The main signs of juvenile uterine bleeding:
- discharge from the genital tract for more than eight days;
- the interval between bleeding is less than 21 days;
- blood loss exceeding 120 ml per day;
- tachycardia;
- weakness;
- thirst;
- headache;
- fast fatiguability;
- pressure reduction;
- dermis and mucous membranes of pale staining.
Heavy and prolonged bleeding leads to anemia, which is accompanied by a deterioration in overall health. A dangerous consequence is a change in the mucous membrane of the main female organ, and as a result there is a risk of developing a malignant tumor of the uterus. In some cases, it can be difficult to distinguish between normal menstruation and bleeding. For these purposes, a whole range of activities is carried out, including instrumental and laboratory diagnostics. By the end of the puberty, the likelihood of juvenile dysfunctional uterine bleeding (ICD-10 - N92.2) is reduced. In the future, menstrual dysfunctions are possible, but the reasons will be different, for example, uncontrolled sexual relations leading to abortion. Termination of pregnancy during the formation of the hormonal background leads to serious disorders and provokes bleeding. In addition, the resulting inflammatory process poses a threat to the ovaries, which leads to hormonal dysfunction.
Features of the treatment of juvenile uterine bleeding
Therapy depends on the clinical manifestations and the reasons for their appearance. In some cases, it is enough to eliminate an external factor, namely emotional stress or physical activity. If the discharge is not accompanied by severe anemia, then treatment is carried out on an outpatient basis. However, in most cases hospitalization is required, as the clinic is difficult. The stop of pubertal uterine bleeding is carried out simultaneously with the search for the cause that provoked this condition. Apply medicines that have hemostatic, sedative, increasing the tone of the uterus effect, as well as drugs that strengthen blood vessels. When establishing the cause of discharge, treatment is directed to its elimination. To stop bleeding, use the hormonal medicines Dufaston, Utrozhestan or combined products containing estrogens and gestagens. Further, hormonal function is restored using the following drugs:
- Marvelon
- Logest.
- Mercilon.
- Dufaston.
- βClomipheneβ - indicated for relapses for girls over 16 years old.

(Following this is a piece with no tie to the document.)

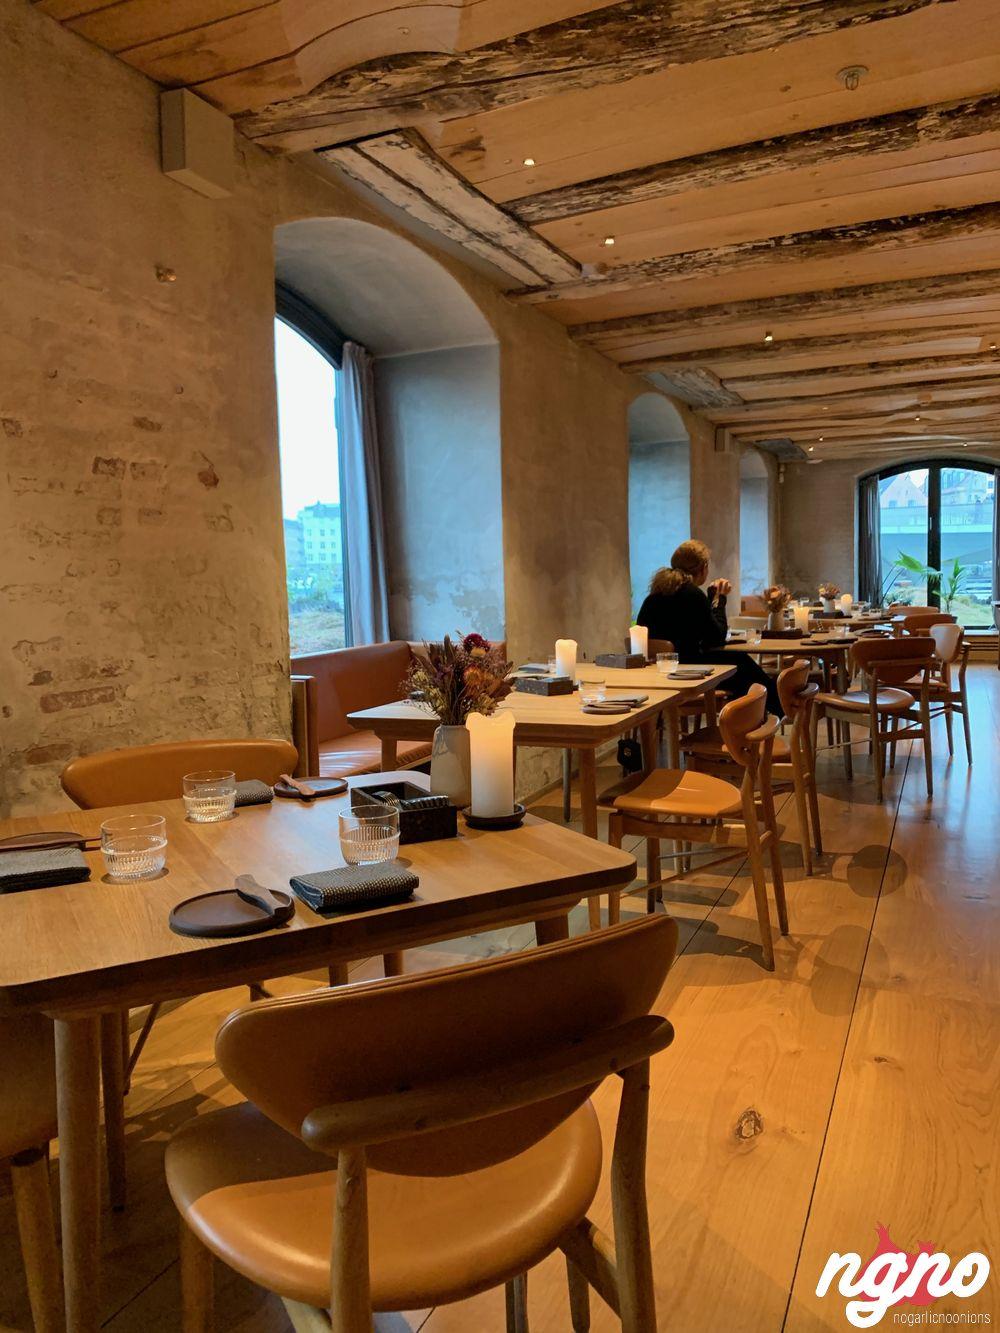 barr-restaurant-copenhagen-nogarlicnoonions-1532019-02-24-08-42-15

The doctor selects the dosage, treatment regimen and duration of therapy individually.
As an emergency therapy for dysfunctional uterine bleeding (in the ICD of the tenth revision, this pathology has code N92), hormonal drugs will be used together with hemostatic agents. Treatment of juvenile uterine bleeding should be comprehensive and include physiotherapy, consultation of a psychologist, neurologist, endocrinologist.
In addition to conservative therapy, surgical hemostasis is also used in adolescents, i.e. curettage of the uterine mucosa. This method is used in life-threatening conditions. When carrying out this manipulation, there is a minimal traumatic effect on the uterus. The hymen is preserved. A full menstrual cycle is restored within a year after treatment. For the prevention of relapse, girls are under the supervision of a doctor.
Prevention
Preventive measures for all ages include:
- treatment of pathologies of the genital area;
- timely detection of hormonal disruptions;
- good nutrition;
- going to the doctor at the first sign of pathological bleeding;
- exclusion of bad habits;
- physical education classes;
- prevention of infectious diseases;
- taking hormonal drugs in consultation with the doctor.
It is important to remember that uterine bleeding is successfully treated when treated early. Timely initiated therapy significantly reduces the risk of complications.